スポブルアプリをダウンロードしよう

  • Sportsbull Android App
  • Sportsbull iOs App

すべて無料のスポーツニュース&動画アプリの決定版!

QRコードを読み込んでダウンロード

Sportsbull QRCode

豪雨泳いで避難、濡れずに残ったバット「野球やりたい」

2019年7月22日10時36分

シェア

 (21日、高校野球愛媛大会 今治西4-0野村)

 第2シードの今治西を相手に、野村は踏ん張っていた。失点は1イニング1点以内。しかし八回裏、エースの高橋良太君(3年)が2連続死球で2死一、二塁。打席には相手のエース、村上滉典君(同)。

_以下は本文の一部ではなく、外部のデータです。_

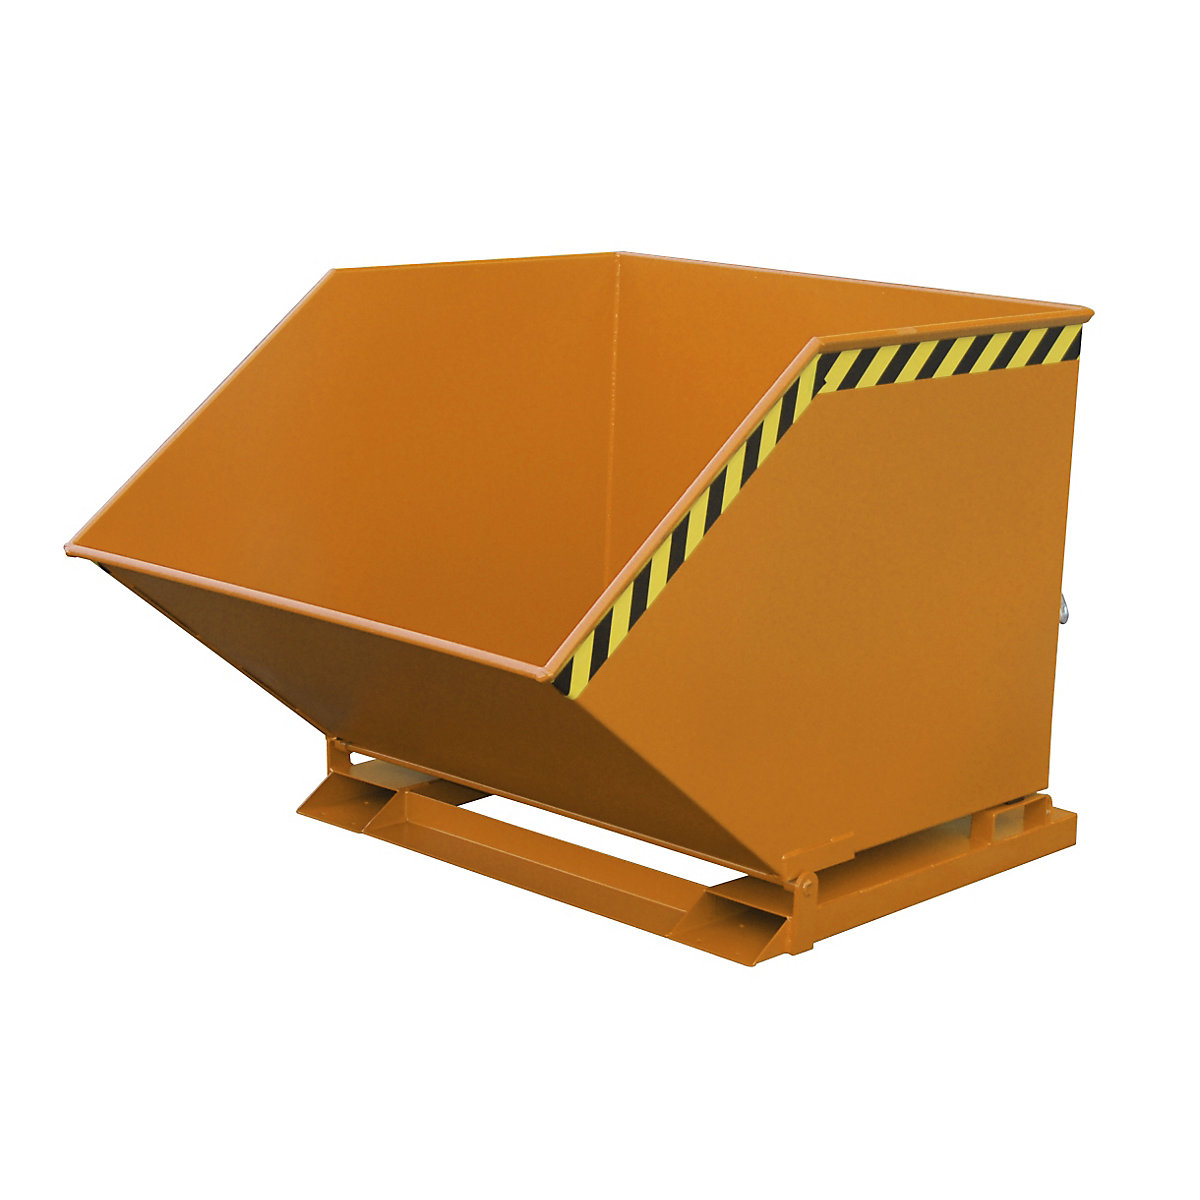 Contenitore ribaltabile con meccanismo di chiusura – eurokraft pro, forma scatolare, capacità 1 m³, arancione RAL 2000-9

 捕手で主将の林貴斗君(同)がマウンドに駆け寄り、明るく声をかけた。「そんなにエース対決が好きかっ」。緊張がほぐれたのか、高橋君は村上君を中飛に打ち取った。林君はベンチに戻りながら、「ナイスファイッ」。ミットを掲げ、高橋君をたたえた。

 林君は西日本豪雨で被災し、野球をあきらめかけた経験がある。昨年7月7日の早朝、愛媛県西予市を流れる肱川が氾濫(はんらん)。川近くにある自宅の2階で寝ていた林君は、避難を呼びかける放送に気づいて起きた。

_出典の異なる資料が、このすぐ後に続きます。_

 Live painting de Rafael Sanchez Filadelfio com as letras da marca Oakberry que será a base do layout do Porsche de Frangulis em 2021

 「あっ」と声が出た。階段の途中まで泥水が迫っていた。2階の窓から外に出て、隣家に飛び移った。途中、首まで水につかりながら泳ぎ、避難所の公民館にたどり着いた。

 自宅は全壊。「もう野球どころじゃない」と思ったが、水がひいて自宅に戻ると、泥まみれだった自宅の2階にバットとミット、ユニホームがぬれずに残っていた。畳が水に浮いて、無事だったのかもしれない。道具を見て思った。「野球をやりたい」

 直後の愛媛大会後、当時の監督・長滝剛さん(現・宇和島東監督)が林君を主将に推した。長滝さんは「死ぬかもしれない経験をした林の言葉には重みが出ると思った」と言う。

 豪雨から1年。林君は今も両親、姉と仮設住宅で暮らしている。仮設住宅は野球部が普段練習する西予市営野村球場の裏にある。

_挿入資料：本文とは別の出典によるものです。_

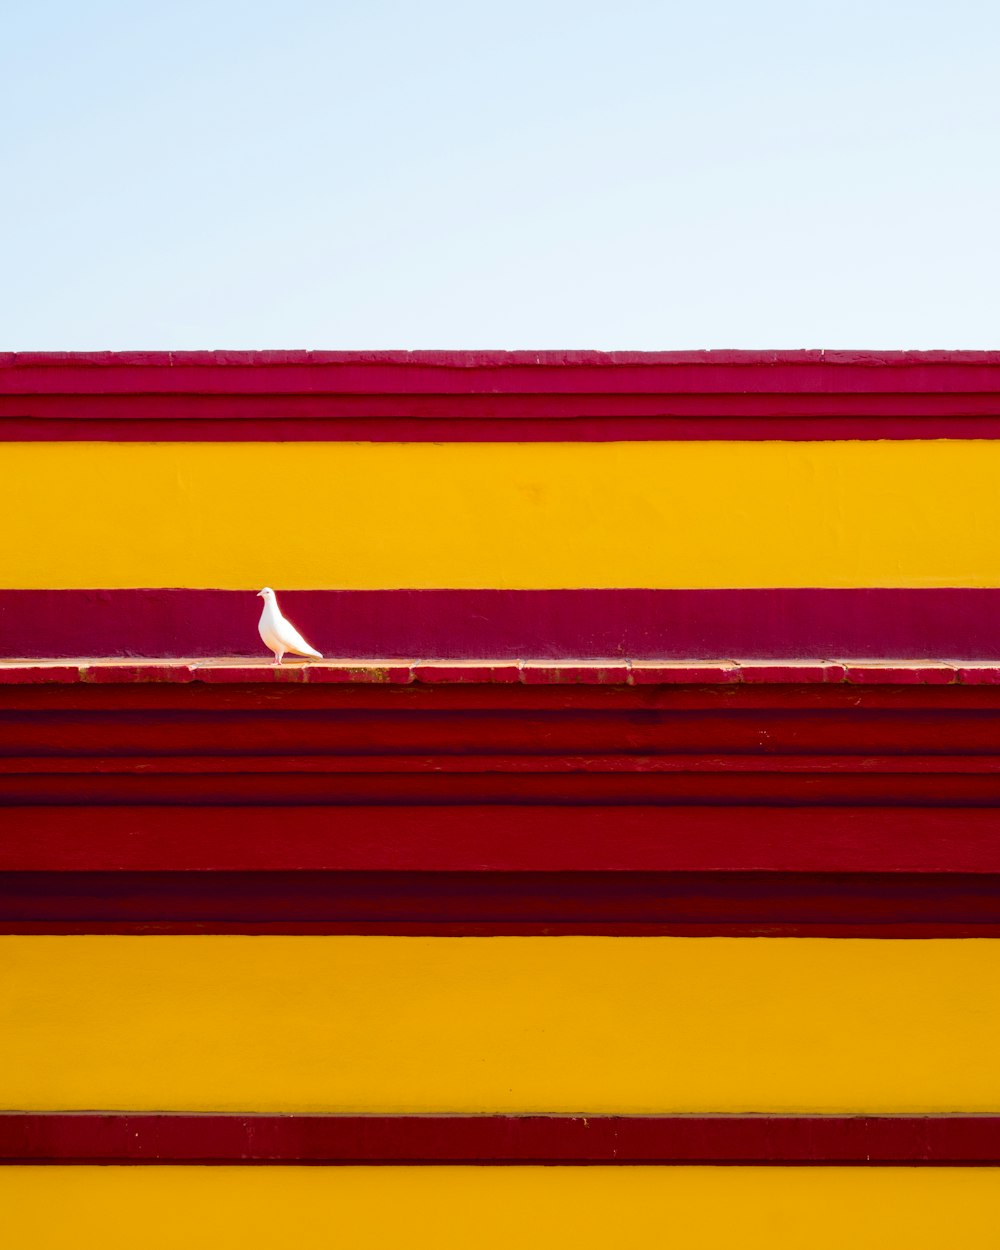 빨간색과 노란색 건물 위에 앉아 있는 하얀 새

 家の前で素振りをしていると、仮設住宅に暮らす人たちから「頑張れよ」「期待してるぞ」と声をかけられた。「街が大変な時に野球に集中させてくれた。試合に勝って地域の方に恩返しがしたい」。そう誓って臨んだ最後の夏だった。

 九回表、最後の打者が三振に倒れた。次打者席から声をかけ続けた林君は天を仰いだ。「正直に言えば、もっと野球がしたかった」。それでも、強豪を相手に九回まで戦い抜いた。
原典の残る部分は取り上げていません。